A partire dal loro album d'esordio, "Age Of Winters", i The Sword hanno progressivamente alleggerito il sound e, mentre in passato erano evidenti anche richiami al metal più estremo di stampo thash "made in Bay Area", con il tempo hanno adottato riff di matrice blues (ricordandoci che dopotutto sono una band stoner), a volte riuscendo molto bene, a volte non mantenendo appieno la promessa, come accaduto con lo scialbo e povero di idee "Apocryphon", lavoro che precede il nuovo "High Country".

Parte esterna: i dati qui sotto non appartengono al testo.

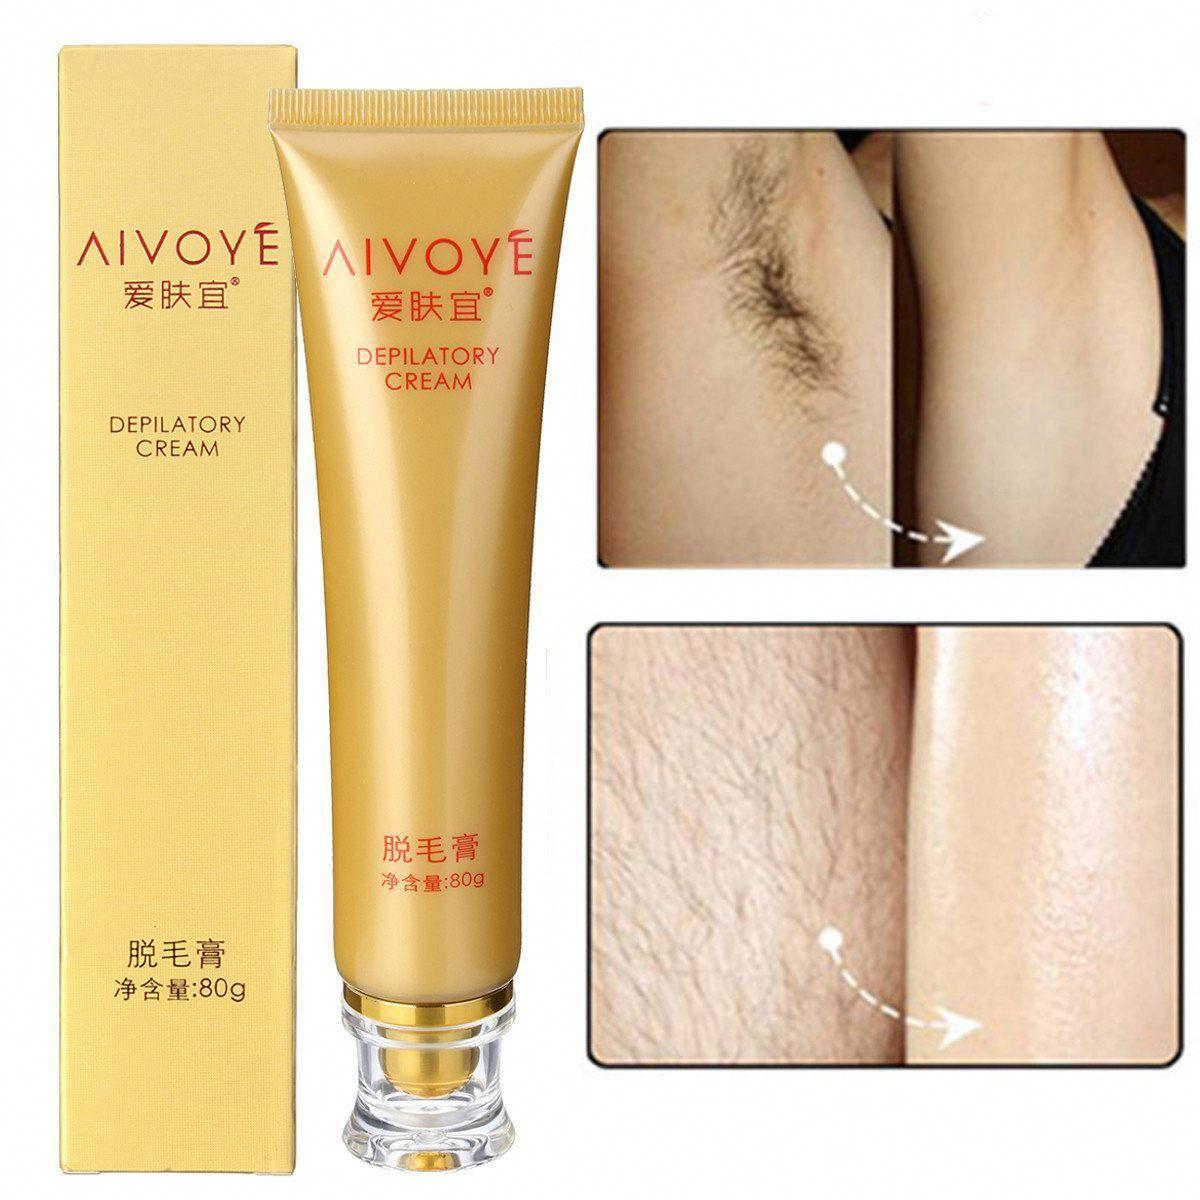 AIVOYE Depilatory Cream Powerful Permanent Body Hair

Ed è proprio con queste premesse e fissato questo contesto che va analizzato l'album, a partire dall'artwork molto "indie" (Tumblr?) che è come un avvertimento lasciato dalla band all'ascoltatore: non troveremo "cattiveria" al suo interno, ma sicuramente molto Rock. In "High Country" infatti troviamo sonorità molto orecchiabili, con ben quindici tracce che scorrono veloci e si lasciano ascoltare piacevolmente. Il sound, la cui matrice può essere collocata intorno agli anni '70, attinge molto dagli Zeppelin e sforna ritmi blues e hard rock (come in "Mist & Shadow", che presenta addirittura un interessante intro country), con insolite quanto inaspettate parti di pura psichedelia che donano freschezza, spezzando il ritmo e coinvolgendo l'ascoltatore. Troviamo dunque chitarre in primissimo piano, che eseguono una gran quantità di riff che vanno a costituire la colonna portante dei brani, supportate da un drumming efficace e compatto, con parti elettroniche a condire il tutto.

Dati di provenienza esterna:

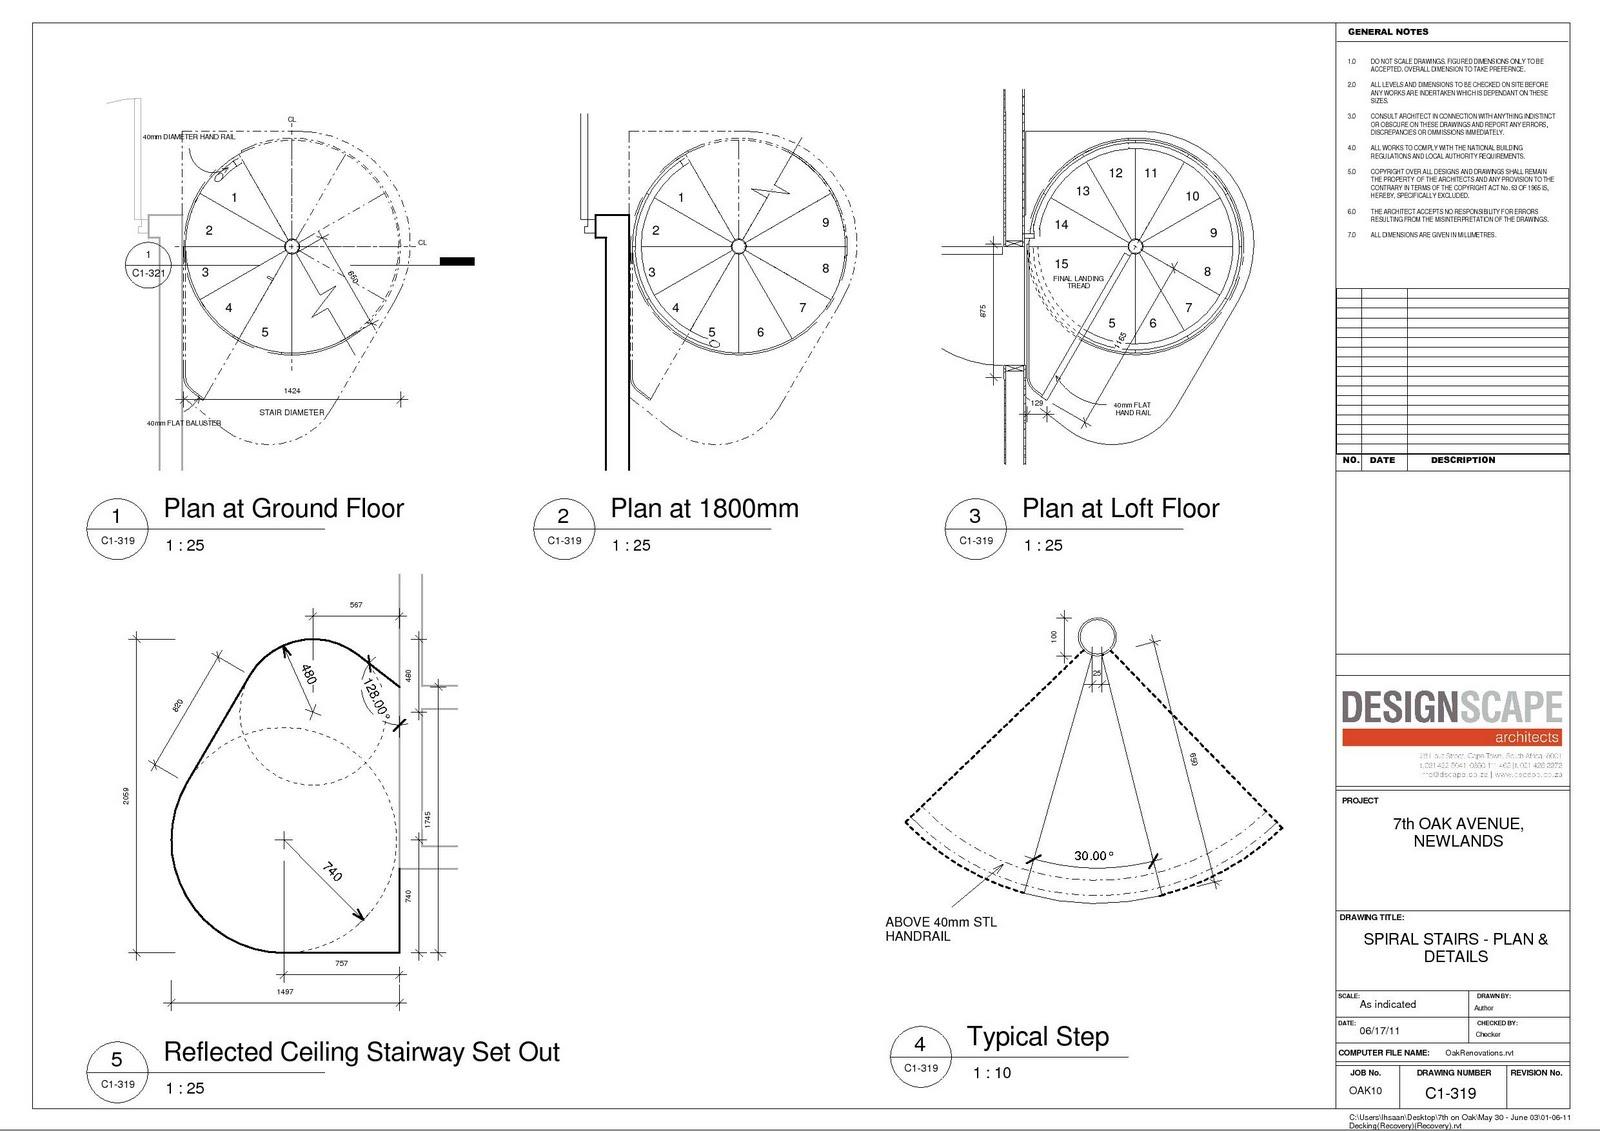 Dane minords pss Spiral stair details

La novità di questo "High Country" è infatti proprio una componente elettronica molto marcata in alcuni brani, "Agartha" su tutti, dove sfruttando i pad elettronici e la drum machine i texani mostrano un indubbio coraggio, dando prova concreta a chi ascolta di non essere magicamente tornato nel passato, ma di ascoltare un disco che è del 2015, e che dopotutto è anche abbastanza attuale. Perché, va detto, l'errore in cui incappano molte band stoner è quello di copiare troppo guardando al passato, citando il passato ma anche autocitandosi a vicenda, in un'accozzaglia di materiale sterile ed inutile, troppo simile all'interno delle varie (troppe) band del genere, in un mercato musicale che non fa sconti a nessuno.

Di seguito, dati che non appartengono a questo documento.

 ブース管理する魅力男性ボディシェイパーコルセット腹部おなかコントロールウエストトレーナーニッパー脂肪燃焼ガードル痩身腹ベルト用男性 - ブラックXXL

I The Sword compiono un ritorno ai "bei tempi che furono" lasciandosi alle spalle il doom e l'heavy metal, sulla scia di quanto già fatto dai Rival Sons e ponendosi forse in guerra aperta con i Royal Blood, attuali padroni del campo. Gli Sword non saranno mai innovatori e "High Country" non sarà neanche il loro migliore album: privo di particolari picchi creativi, va preso così come è ma a grandi dosi, perché si fa ascoltare con piacere e può dare tanto, basta sfruttarlo saggiamente. Magari in macchina, a tutto volume, mentre si sfreccia "on the road" su una qualche highway in giro per il "great country".